NVIDIA GB200 NVL72 Delivers Trillion-Parameter LLM Training and Real-Time Inference
Table of Contents
- Introduction
- NVIDIA GB200 NVL72 Overview
- NVIDIA GB200 NVL36 and NVL72
- Fifth-generation NVLink and NVLink Switch System
- Performance Comparison
- Real-Time Inference and Training
Introduction
The NVIDIA GB200 NVL72 is a cutting-edge system designed for training large language models with trillion parameters. It features advanced technologies such as liquid cooling, PCIe gen 6 support, and NVLink connectors for high-speed networking.
NVIDIA GB200 NVL72 Overview
The NVIDIA GB200 NVL72 is based on the new NVIDIA MGX design and supports up to 72 GPUs in a single rack. It utilizes cold plates for efficient cooling, PCIe gen 6 for high-speed networking, and NVLink connectors for seamless GPU-to-GPU communication.

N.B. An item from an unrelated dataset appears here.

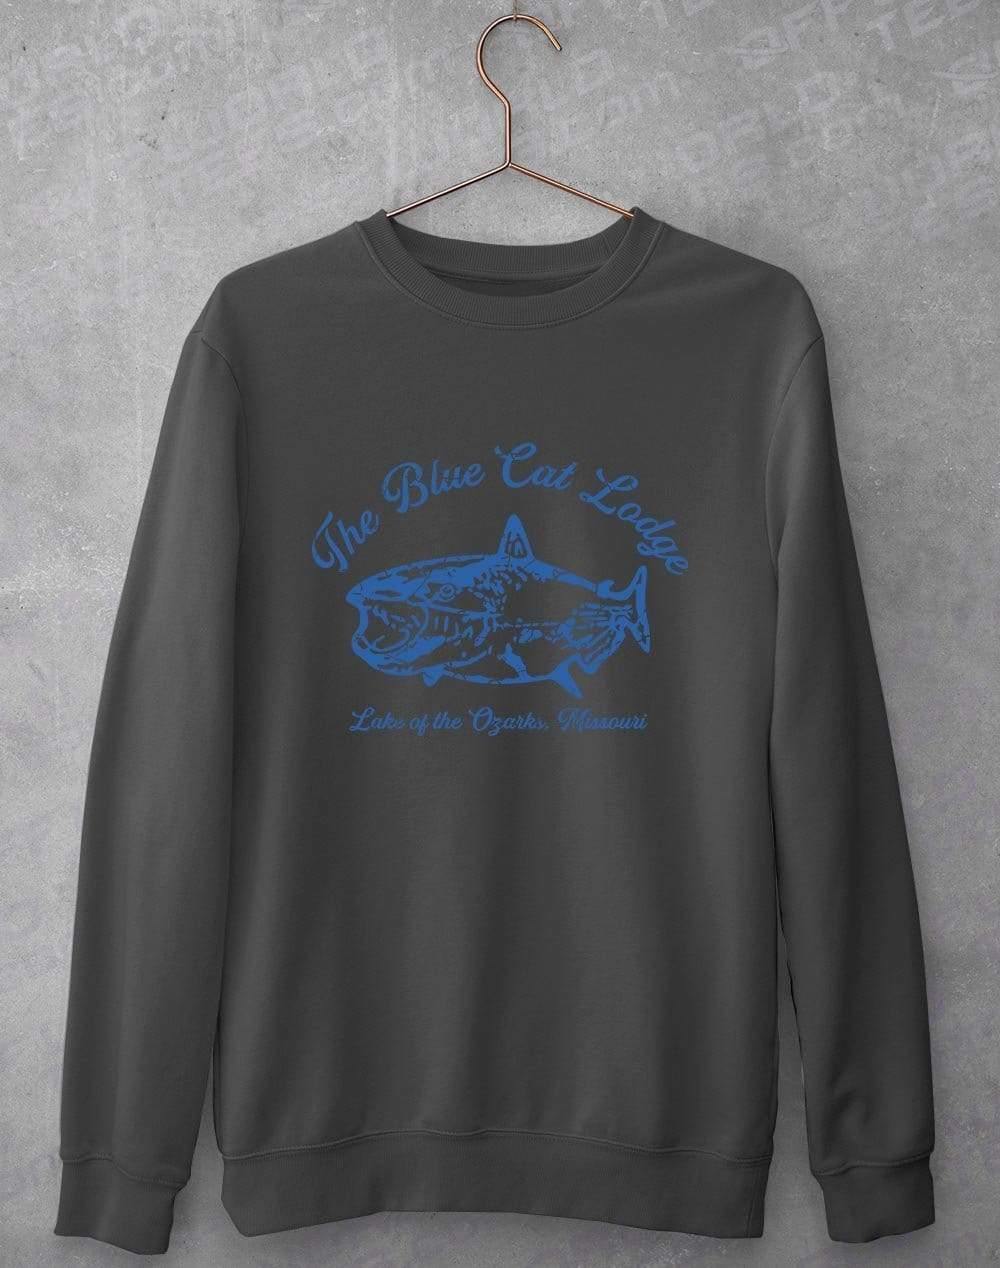 The Blue Cat Lodge Sweatshirt S / Charcoal  - Off World Tees

NVIDIA GB200 NVL36 and NVL72
The GB200 can support either 36 or 72 GPUs in NVLink domains. The NVL72 configuration consists of 72 GPUs in a single rack with 18 dual GB200 compute nodes, or 72 GPUs in two racks with 18 single GB200 compute nodes.
Fifth-generation NVLink and NVLink Switch System
The GB200 NVL72 introduces fifth-generation NVLink technology, enabling connectivity of up to 576 GPUs in a single NVLink domain. With over 1 PB/s total bandwidth and 240 TB of fast memory, this system offers unprecedented performance for large models.
Performance Comparison
The fifth-generation NVLink in the GB200 NVL72 provides 1.8 TB/s of bidirectional throughput per GPU, significantly outperforming PCIe Gen5. This results in 4X faster training performance for large language models and 30x speedup in certain comparisons.
Real-Time Inference and Training
With the NVIDIA GB200 NVL72, real-time inference for a 1.8T parameter MoE LLM is achievable, and training large models is 4x faster compared to previous GPU architectures. This system enables top-notch performance for a variety of data analytics and data science tasks.